Ianto stopped writing on the clipboard and looked carefully at Jack. He could see the exhaustion and sadness in his face. Even though Suzie hadn’t been hired by Jack, they had still worked together for a long time and had developed a good working relationship. This whole affair was taking its toll on Jack, and Ianto wanted to do something special for him.

“If you’re interested, I’ve still got that stopwatch,” Ianto smiled over at Jack.

Jack, still lost in his thoughts on Suzie and how many people he’d had to put in the morgue over the years, didn’t catch the hidden meaning in Ianto’s words. He raised his head again and looked over at him. “So?”

“Well, think about it. Lots of things you can do with a stopwatch.”

Ianto and Jack looked at each other steadily until Jack broke out into an enormous grin as he realised exactly what Ianto was offering. His grin was so joyful and full of promise that it caused Ianto’s entire body to respond and he knew right there and then that there wasn’t a single thing he wouldn’t do for Jack.

“Oh, yeah. I can think of a few,” Jack was finally able to reply.

“There’s quite a list.”

“Send the others home early. I’ll see you in your office in ten.”

“That’s ten minutes…” Ianto pulled out the stopwatch and clicked the button, “…and counting.”

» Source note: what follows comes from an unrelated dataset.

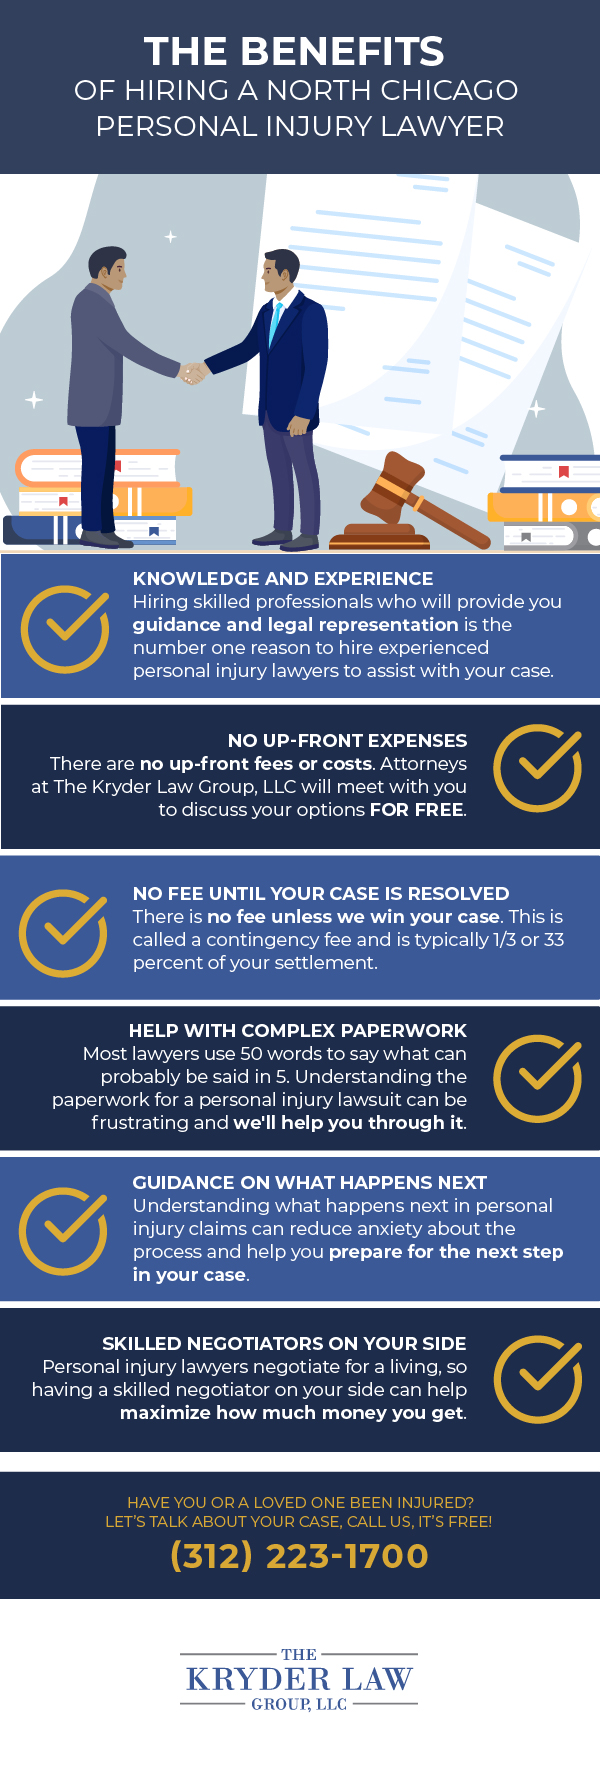 The Benefits of Hiring a North Chicago Personal Injury Lawyer Infographic

As Jack walked away, the smile fell off Ianto’s face. He closed Max’s drawer and looked at the next one over. There had been a body in that vault since 1901, but there was no record of who was in it. Whoever it was, the previous directors had not even told the committee about it, instead only leaving a note for each successive director saying that the vault should never be touched and special care to be taken that it would always stay working, no matter what happened to the Hub. Ianto ran his finger over the numbers on the drawer; clearly, someone important was in there.